Bezuinigen zonder kwijtschelding leidt niet tot herstel

Maar momentum is geen resultaat. Alleen Costa verzilverde de tijdgeest. Hij won in oktober de verkiezingen en draaide bezuinigingen terug. Uitstekende groeicijfers waren het gevolg, en de Portugese werkloosheid zakte van zeventien naar acht procent. Hollande’s woorden bleken loze praatjes. Podemos zakte weg in de peilingen, Bernie verloor van Hillary en Corbyn van May. En Tsipras tekende in juli 2015, na ongelooflijke druk van Dijsselbloem cum suis, toch voor nóg lagere pensioenen en hogere belastingen, en een derde lening van de trojka. Varoufakis vertrok om er een boek over te schrijven en DiEM25 op te richten. Tsipras vereenzelvigde zich met de trojka toen hij bij het tekenen de hoop uitsprak dat de maatregelen ‘de basis leggen voor herstel’. Zijn premierschap was juist gebaseerd op het alternatief voor die valse hoop.

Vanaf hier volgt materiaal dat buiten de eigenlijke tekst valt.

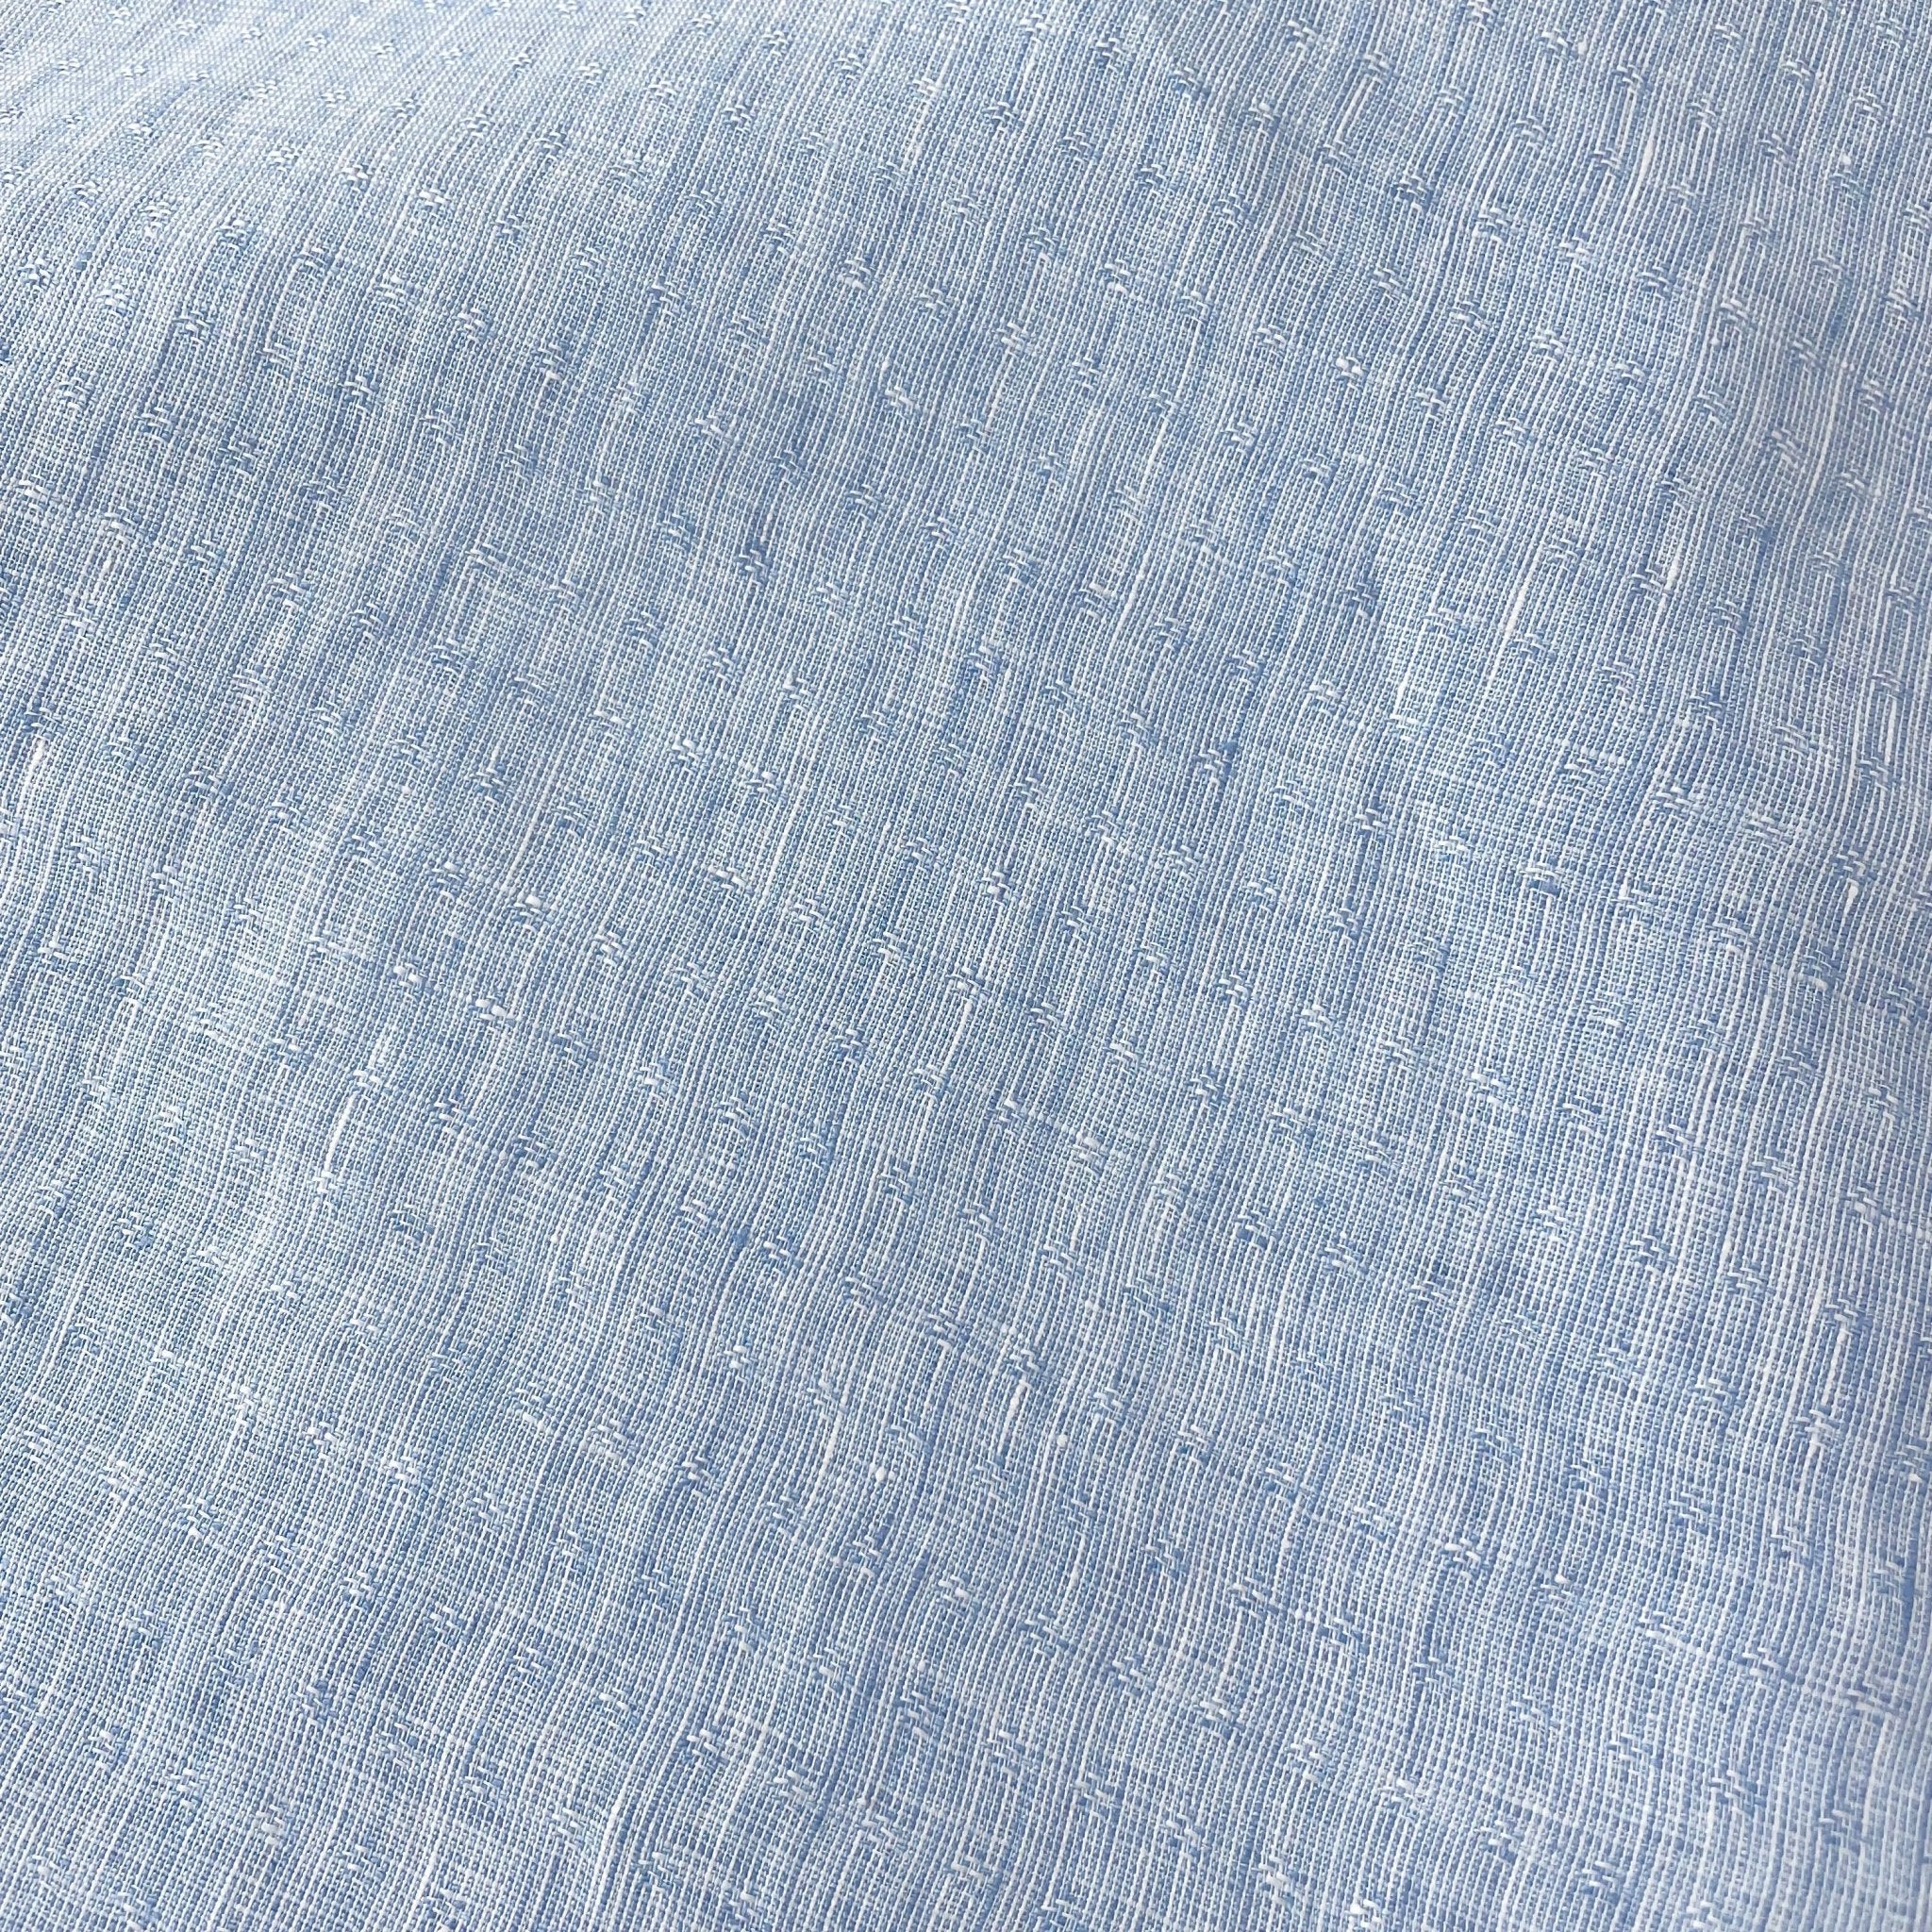 Linen Jacquard Small Pattern Fabric 4888 4887 - The Linen Lab - Grey

En nu lezen we in de media dat Griekenland de weg naar boven gevonden heeft. Standard & Poor’s waardeerde het land in september op van ‘junk’ naar ‘investment grade’, de Financial Times schreef over een ‘stunning recovery’. De grote vraag is dus: wie had er nu gelijk – de oude Tsipras, of de nieuwe?

Naar de feiten dan maar. Griekenland heeft enkele kwartalen groei genoten, van minder dan een procent. De werkloosheid is sinds 2014 (deels door emigratie) gestaag aan het afnemen, maar ligt nog steeds boven de twintig procent. Het producentenvertrouwen is hoger dan ooit, de consumptie stijgt. Het toerisme trok aan, maar productiviteit, leningen en investeringen stagneren. De overheidsschuld is met 180 procent van het bbp hoger dan ooit. Het is een eenvoudige rekensom: te weinig groei voor te veel schuld. Varoufakis en de Tsipras van vóór juli 2015 hadden gelijk. Bezuinigen zonder schuldkwijtschelding leidt niet tot herstel. Dit scenario is nog steeds onhoudbaar. Het is een kwestie van tijd voordat nieuwe bezuinigingen zullen volgen, want de trojka vraagt altijd meer van hetzelfde.

Het is ook een kwestie van tijd voor de eurozone ergens anders getest gaat worden. De zon blijft niet altijd schijnen. Ergens zal er weer een kleine lidstaat met een groot tekort opduiken (de grote mogen altijd doormodderen). Bij onveranderd beleid zal ook die in de afgrond gestort worden. Of wordt erkend dat onder deze regels de euro geen duurzame toekomst heeft? Onlangs las ik dat Jeroen Dijsselbloem ook een boek gaat schrijven over zijn tijd in de politiek. Ik kijk ernaar uit. Wat wordt zijn antwoord op mijn vraag?